Each thread of the DPU has 24 32-bit registers, labeled r0-r23, and 8 read-only registers:

Name

Permission

Information

r0

R/W

Argument 1 register (caller saved) / Return register for 32bits value / MSB of 64bits return value

r1

R/W

Argument 2 register (caller saved) / LSB of 64bits return value

r2

R/W

Argument 3 register (caller saved)

r3

R/W

Argument 4 register (caller saved)

r4

R/W

Argument 5 register (caller saved)

r5

R/W

Argument 6 register (caller saved)

r6

R/W

Argument 7 register (caller saved)

r7

R/W

Argument 8 register (caller saved)

r8

R/W

Scratch register (caller saved)

r9

R/W

Scratch register (caller saved)

r10

R/W

Scratch register (caller saved)

r11

R/W

Scratch register (caller saved)

r12

R/W

Scratch register (caller saved)

r13

R/W

Scratch register (caller saved)

r14

R/W

Callee saved register

r15

R/W

Callee saved register

r16

R/W

Callee saved register

r17

R/W

Callee saved register

r18

R/W

Callee saved register

r19

R/W

Callee saved register

r20

R/W

Callee saved register

r21

R/W

Callee saved register

r22

R/W

Stack pointer

r23

R/W

Return address

zero

Read-only

= 0

one

Read-only

= 1

lneg

Read-only

= 0xffffffff (-1)

mneg

Read-only

= 0x80000000

id

Read-only

= thread_id

id2

Read-only

= 2 x thread_id

id4

Read-only

= 4 x thread_id

id8

Read-only

= 8 x thread_id

Each consecutive pair of registers can be used as a 64-bit register, which makes 12 64-bit registers: d0(r0&r1), d2(r2&r3), …, d22(r22&r23). The MSBs are in the even register (r0, r2, …) and the LSB are in the odd register (r1, r3, …). Note that d1, d3, …, d21 do not exist. Also, read-only registers cannot be seen as 64-bit registers.

Data types

Machine Type

C Type

Byte size

Byte alignment

Prefered byte alignment

Note

Unsigned byte

unsigned char

1

1

4

Store into a 32-bits register

Signed byte

char

1

1

4

Store into a 32-bits register

Unsigned half-word

unsigned short

2

2

4

Store into a 32-bits register

Signed half-word

short

2

2

4

Store into a 32-bits register

Unsigned word

unsigned int

4

4

4

Signed word

int

4

4

4

Unsigned double-word

unsigned long / unsigned long long

8

8

8

Signed double-word

long / long long

8

8

8

Single precision floating point (IEEE 754)

float

4

4

4

No native operation, only software emulation

Double precision floating point (IEEE 754)

double

8

8

8

No native operation, only software emulation

Data pointer

T *

4

4

4

Code pointer

T (*F) ()

4

4

4

Endianness

The DPU is a little-endian architecture.

But the DPU can perform load/store from the WRAM in big-endian, which is not the default behavior of the load/store operations.

Composite Types

Aggregates (C “struct”)

An aggregate is aligned on the most-aligned component of the aggregate. The size of an aggregate is the smallest multiple of its alignment that is sufficient to hold all of its members.

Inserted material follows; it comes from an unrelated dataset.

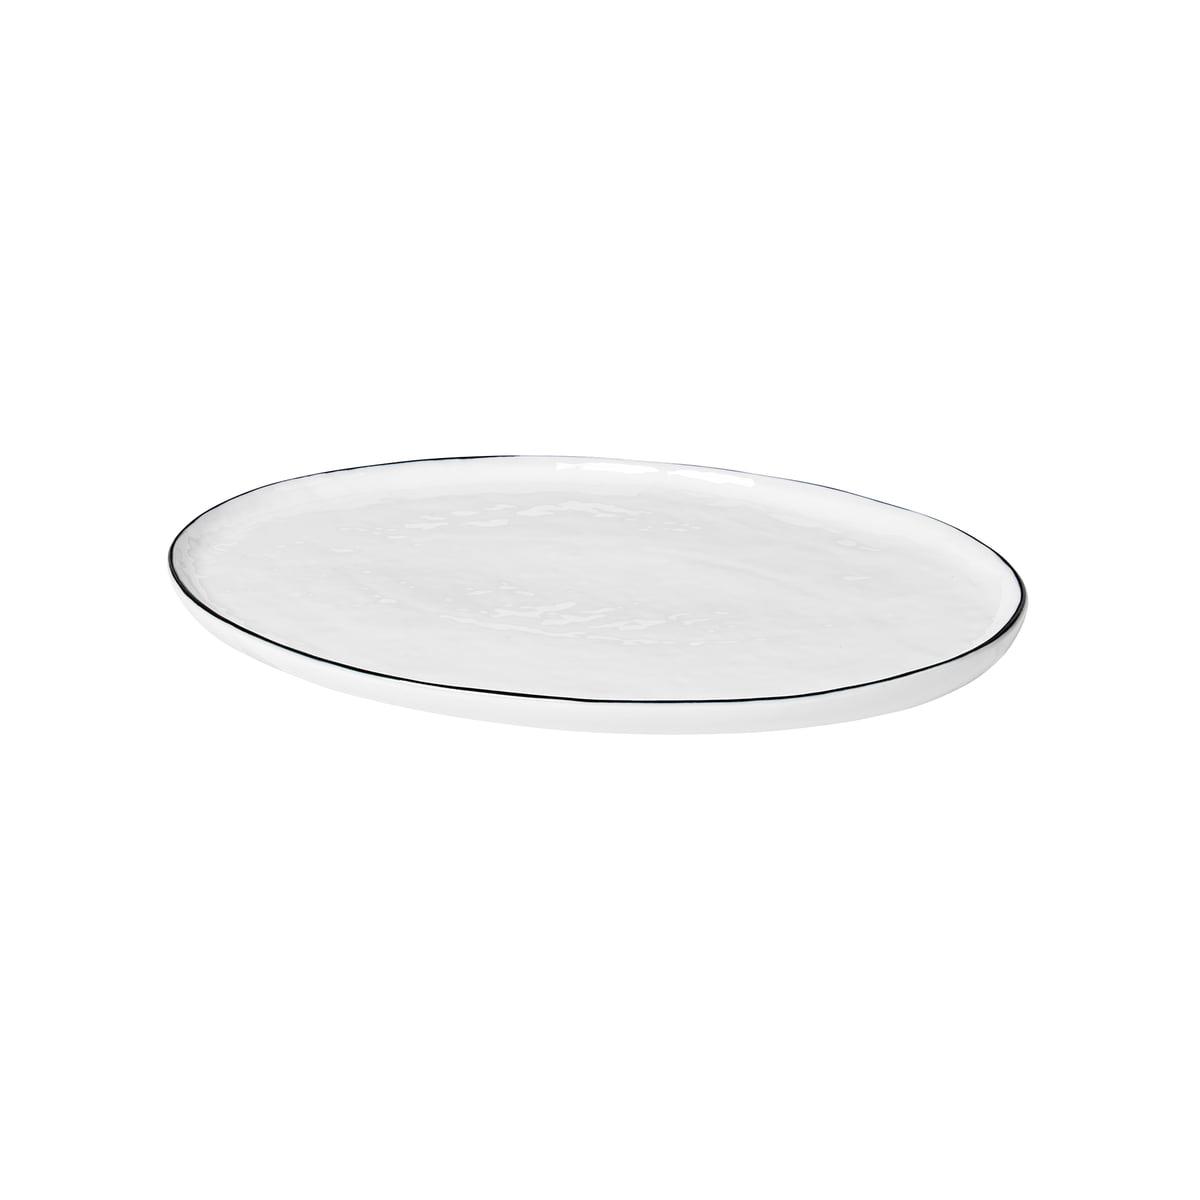 Broste Copenhagen   Salt Servierplatte oval, 20 x 20 cm, weiß / schwarz

These rules can be overriden by passing struct attributes to the compiler such as:

“__attribute__((packed))”
“__attribute__((aligned(x)))”
…

Unions

A union is aligned on the most-aligned component of the union. The size of a union is the smallest multiple of its alignment that is sufficient to hold its largest members.

Arrays

An array is aligned on the alignment of its base type. Its size is the size of its base type multiplied by the number of elements in the array.

Calling convention

Argument passing

Byte and half-word arguments are promoted to word arguments.

Word arguments are assigned into one of the 8 32-bit registers used for argument passing (r0 to r7 included).

Double-word arguments are assigned into one of the 4 64-bit registers used for argument passing (d0 to d6 included).

Composite-types arguments are always passed by reference.

Return value

Byte and half-word return values are promoted to word return value.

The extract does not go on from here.